Copybarista is intentionally narrowly scoped: it's a Python program which publishes clean OSS packages from private or monorepo sources while rewriting the exported tree and syncing through GitHub pull requests. Built and maintained by rekursiv.ai, it manages syncs between repositories while fitting a Python and GitHub toolchain.

Short version:

Need Copybarista Copybara Git subtree / git-filter-repo
Python package workflow :white_check_mark: Built for Python repos, TOML config, Python CI :warning: Powerful, but Java/Starlark-based :warning: Git-first; project behavior becomes scripts
Rewrite imports/docs/private blocks :white_check_mark: Built in :white_check_mark: Broad transform model :x: Requires custom scripts
GitHub PR sync in both directions :white_check_mark: Example export/import workflows :warning: Requires workflow glue :x: No built-in PR workflow
Preserve full history :x: Squash-style export focus :white_check_mark: Yes :white_check_mark: Yes
General migration engine :x: Intentionally scoped :white_check_mark: Yes :x: No
  • Use Copybarista when the hard part is not splitting history, but producing a clean OSS package repository with deterministic rewrites, private-name checks, and GitHub PR syncs.
  • Use Copybara when you need a more general purpose, broader migration engine.
  • Use Git subtree or git-filter-repo when history preservation is the main goal and the subtree is already self-contained.

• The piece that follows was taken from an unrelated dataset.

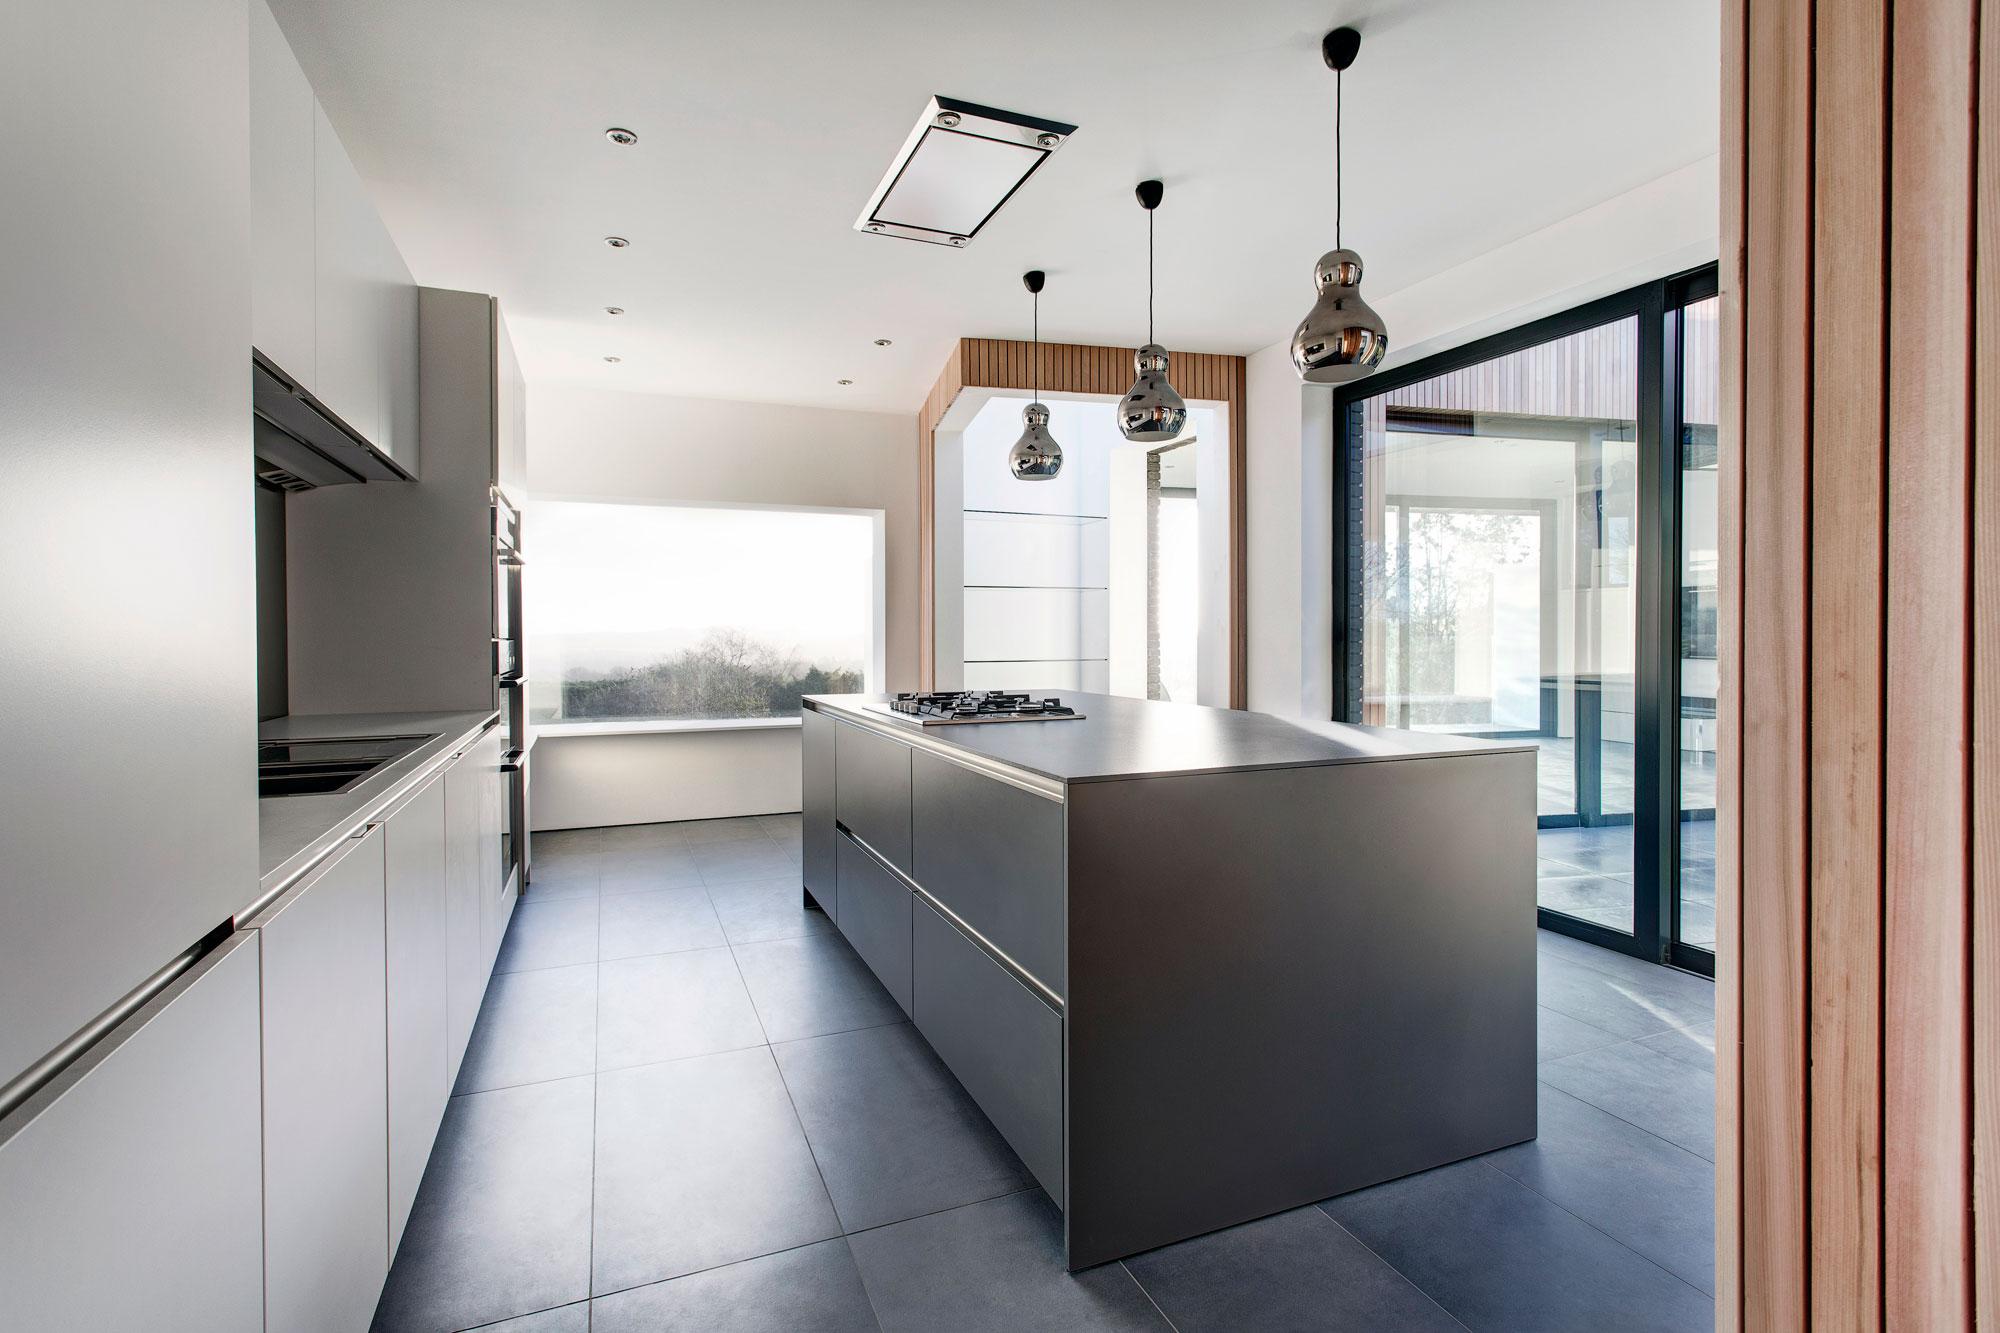 grey kitchen island home depot lights pendant lighting modern in hampshire england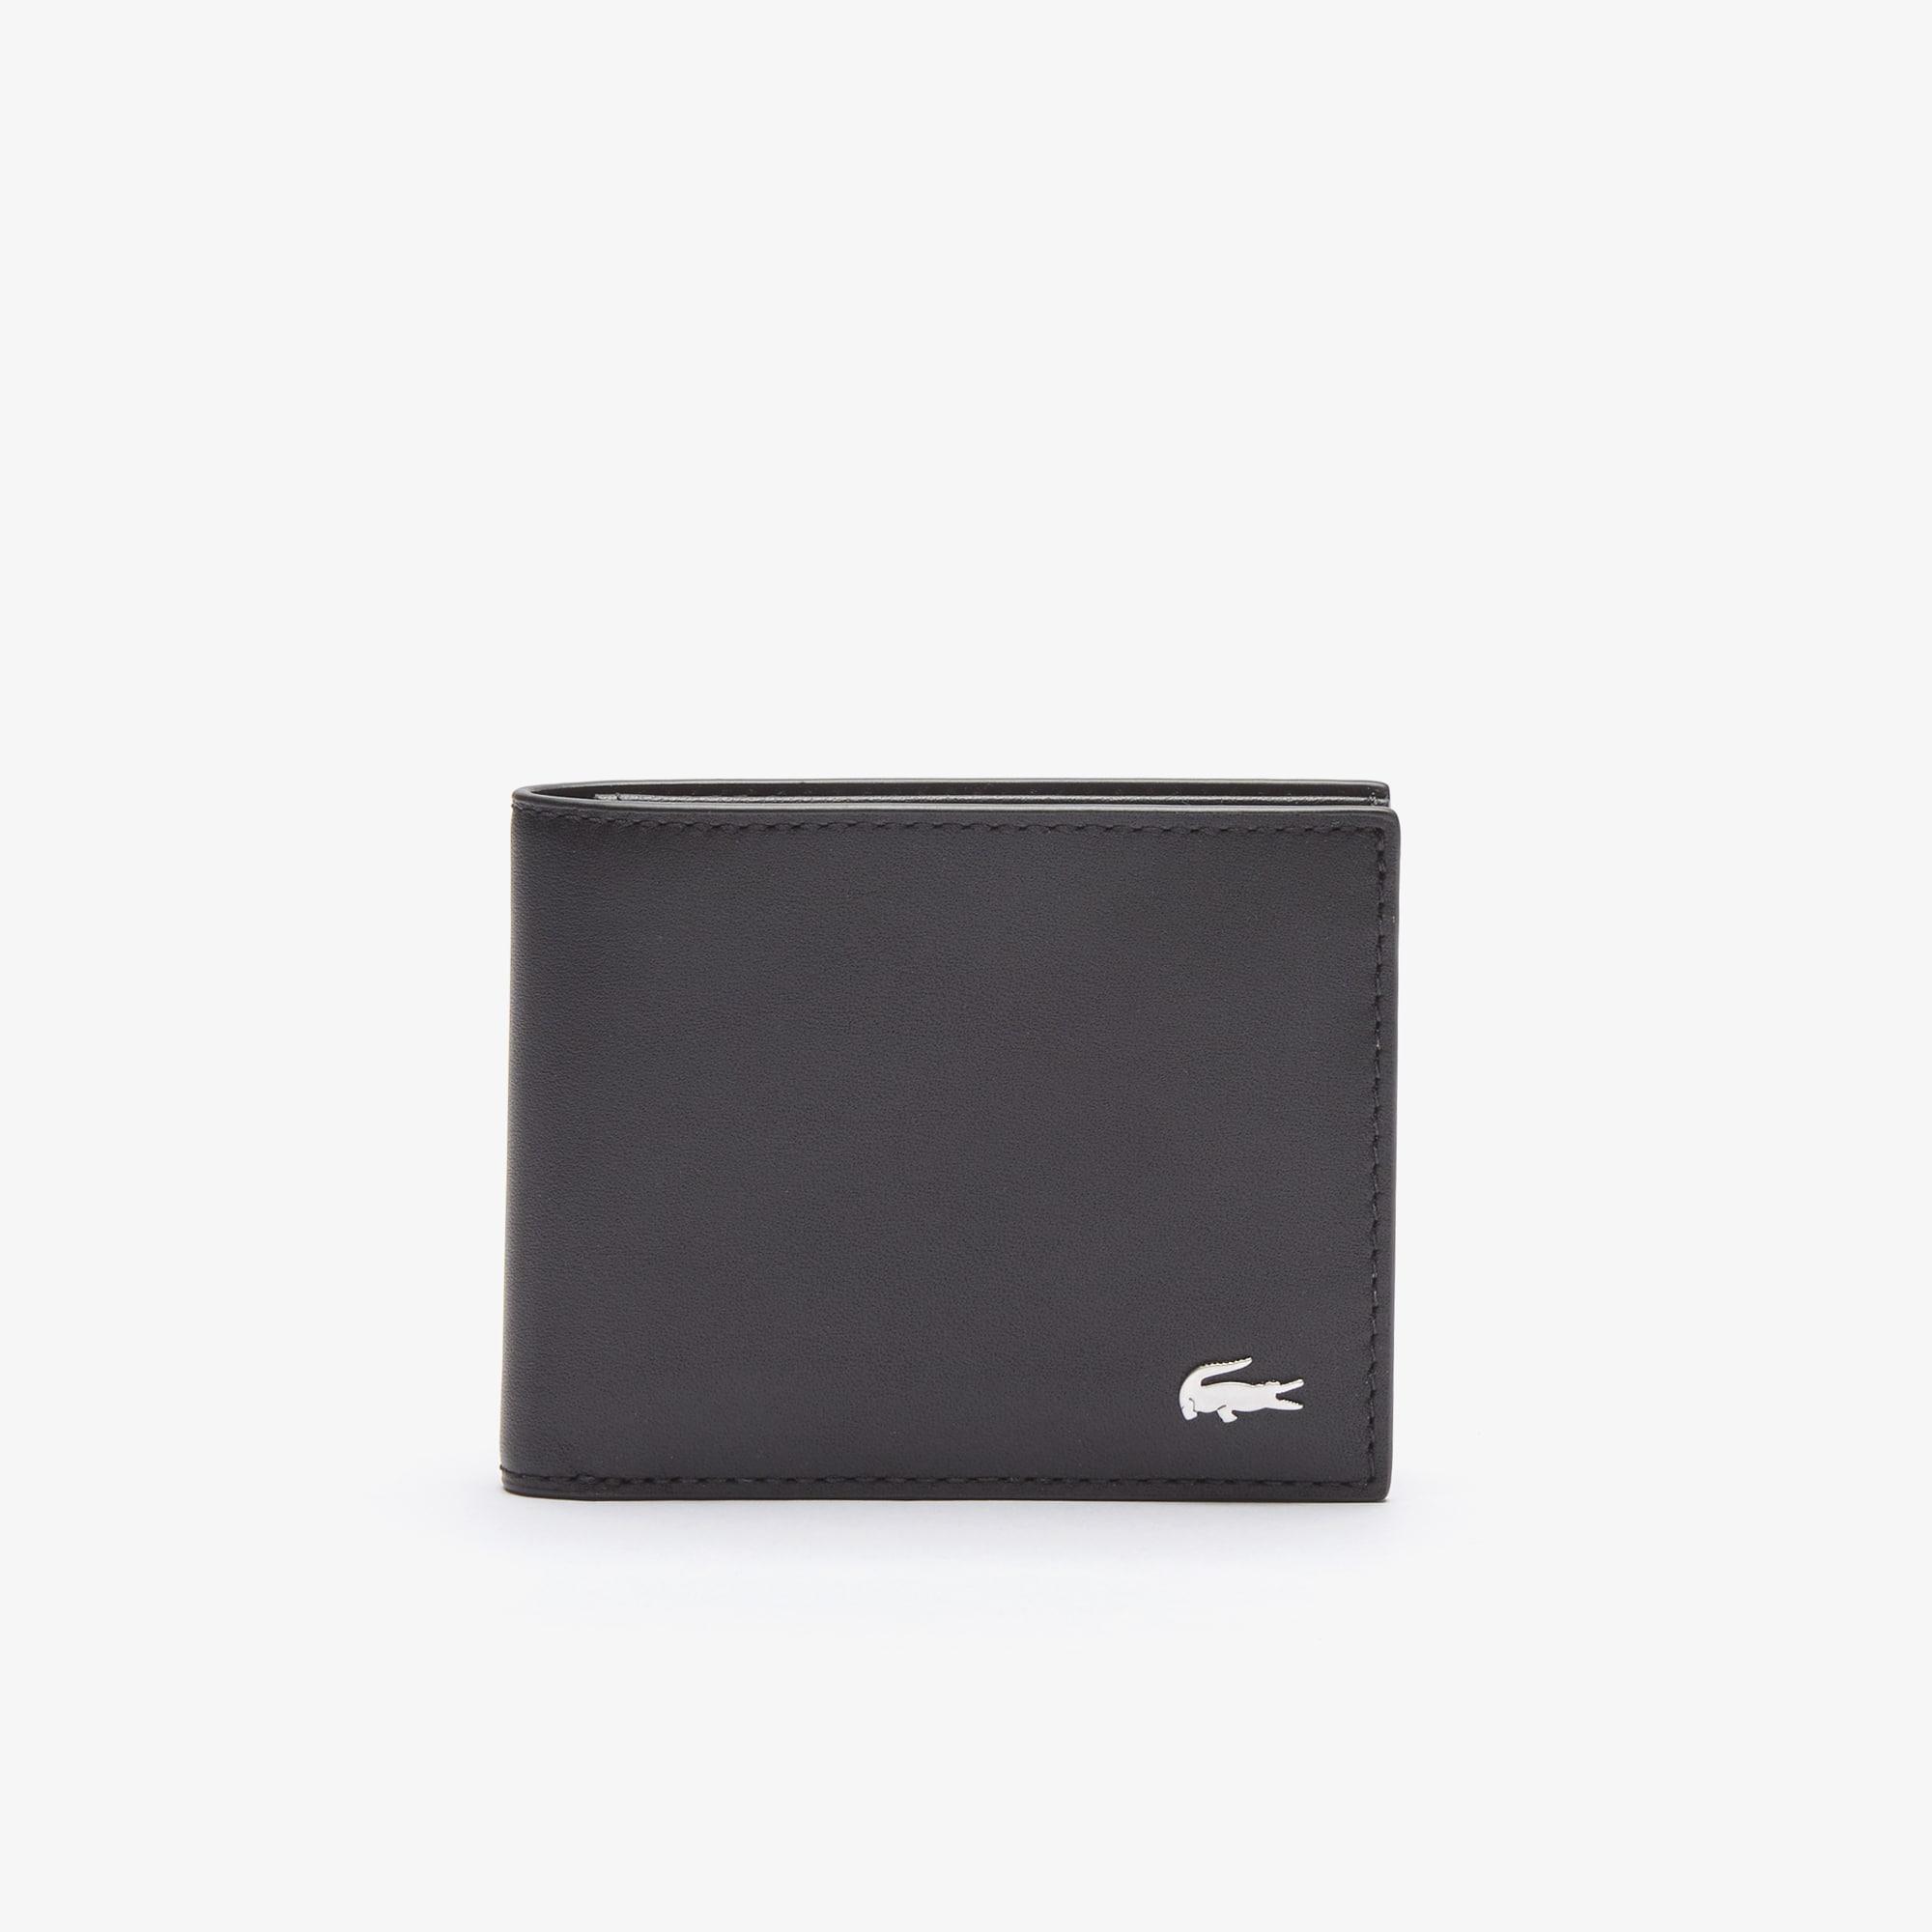 f9fa64de0f3 Wallets | Men's Leather Goods | LACOSTE

The detailed comparison below lists the specific workflow capabilities.

Install

uv tool install copybarista
copybarista --help

Other options:

uv add copybarista
pipx install copybarista
pip install copybarista

Copybarista requires Python 3.12. Git exports also require the system git executable.

Quick Start

Create copy.barista.toml at the root of the source checkout:

[workflow]
name = "widget"
mode = "squash"
source_root = "packages/widget"

[destination.folder]
path = "/tmp/widget-oss"

[files]
include = ["**"]
exclude = [
  ".pytest_cache/**",
  "**/.pytest_cache/**",
  ".ruff_cache/**",
  "**/.ruff_cache/**",
  ".venv/**",
  "**/__pycache__/**",
  "*.pyc",
  "**/*.pyc",
  "dist/**",
]

[[transform]]
type = "replace"
path = "tests/test_widget.py"
before = "from monorepo.packages.widget import"
after = "from widget import"

Validate the config and export the standalone tree:

copybarista validate copy.barista.toml
copybarista export copy.barista.toml /path/to/source \
  --folder-dir /tmp/widget-oss

If /tmp/widget-oss already exists, pass --force to replace it after Copybarista's destination safety checks:

copybarista export copy.barista.toml /path/to/source \
  --folder-dir /tmp/widget-oss \
  --force \
  --json

The source_ref argument is the checkout root. workflow.source_root is resolved relative to that root, and exported files land at the destination root. Use [[files.copy]] when a public package should also include selected shared files from elsewhere in the same checkout.

Common Workflows

Set Up Package Sync

Use init-sync to create the package-local sync files that every exported package can keep public:

copybarista init-sync . \
  --package-name configgle \
  --sync-label Configgle \
  --source-root packages/configgle \
  --public-repo example/configgle \
  --source-repo example/source \
  --copybarista-project-path tools/copybarista \
  --smoke-import configgle \
  --type-check-target configgle \
  --type-check-target tests

This writes copy.barista.toml, copybarista.sync.toml, the public import workflow .github/workflows/sync-to-source.yml, and the public package validation workflow .github/workflows/package-validation.yml. The package name lives in copybarista.sync.toml; script and workflow names stay stable so new packages do not need sync_<package>.py files or package-specific environment names. Use init-sync --overwrite only when intentionally regenerating existing sync files.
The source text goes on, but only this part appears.